Il pomeriggio, subito dopo il loro arrivo e il salvataggio dell’uomo, nonostante fossero andati alla dimora di Mastro Koji per discutere, quest’ultimo non era riuscito a prestare loro la dovuta attenzione: i numerosi impegni nella gestione del villaggio l’avevano tenuto costantemente in movimento. L’uomo aveva quindi proposto loro di sistemarsi a casa sua e di riposarsi; a cena avrebbero avuto finalmente modo di parlare di tutto.
“Dovrebbero farvi Doge vista la dedizione che mettete nel vostro lavoro, Mastro Koji” affermò Mamoru, bevendo un sorso di vino rosso, e l’interpellato arrossì, schernendosi con imbarazzo.
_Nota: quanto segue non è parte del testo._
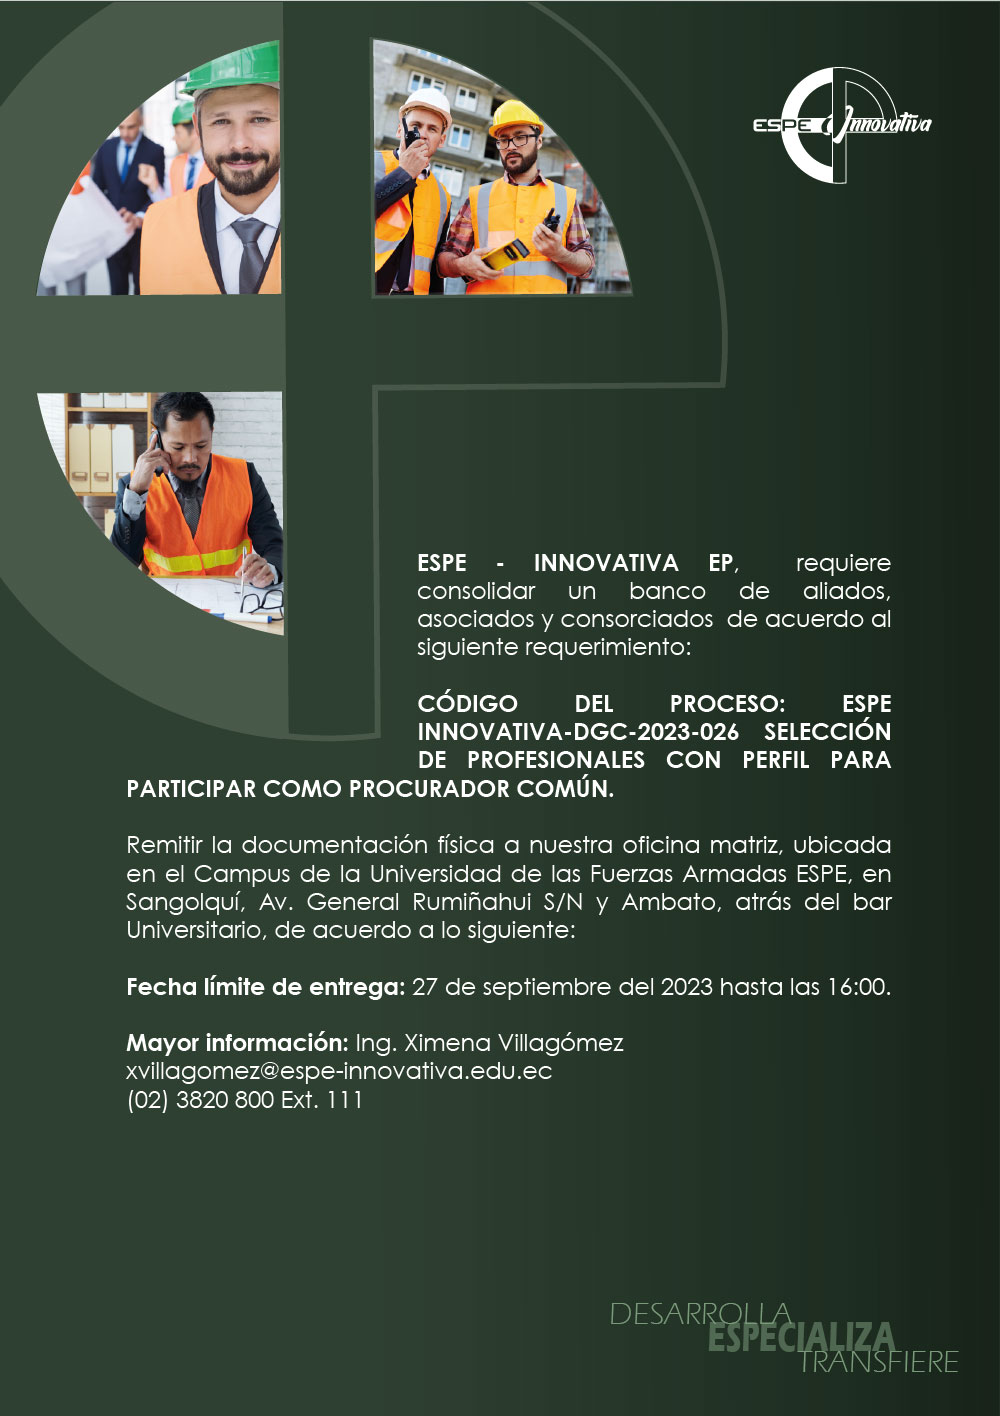 CÓDIGO DE PROCESO: ESPE-INNOVATIVA-DGC-2023-026   PROFESIONALES PROCURADOR COMÚN

“Ah! Ma no, ma no! Sarebbe così impegnativo! E poi non potrei più dedicarmi alla mia famiglia.” Sorrise, sistemando gli occhiali. “Loro vengono sempre prima di tutto.”
La Fiamma tacque. Negli occhi nascose un’espressione ferita.

“Loro vengono prima di tutto.”

Quella frase riecheggiò nella sua testa in maniera sprezzante, assieme all’incontro con Rika. Poi sorrise, con un certo rammarico, rendendosi conto di quanto le realtà del mondo potessero essere differenti tra loro.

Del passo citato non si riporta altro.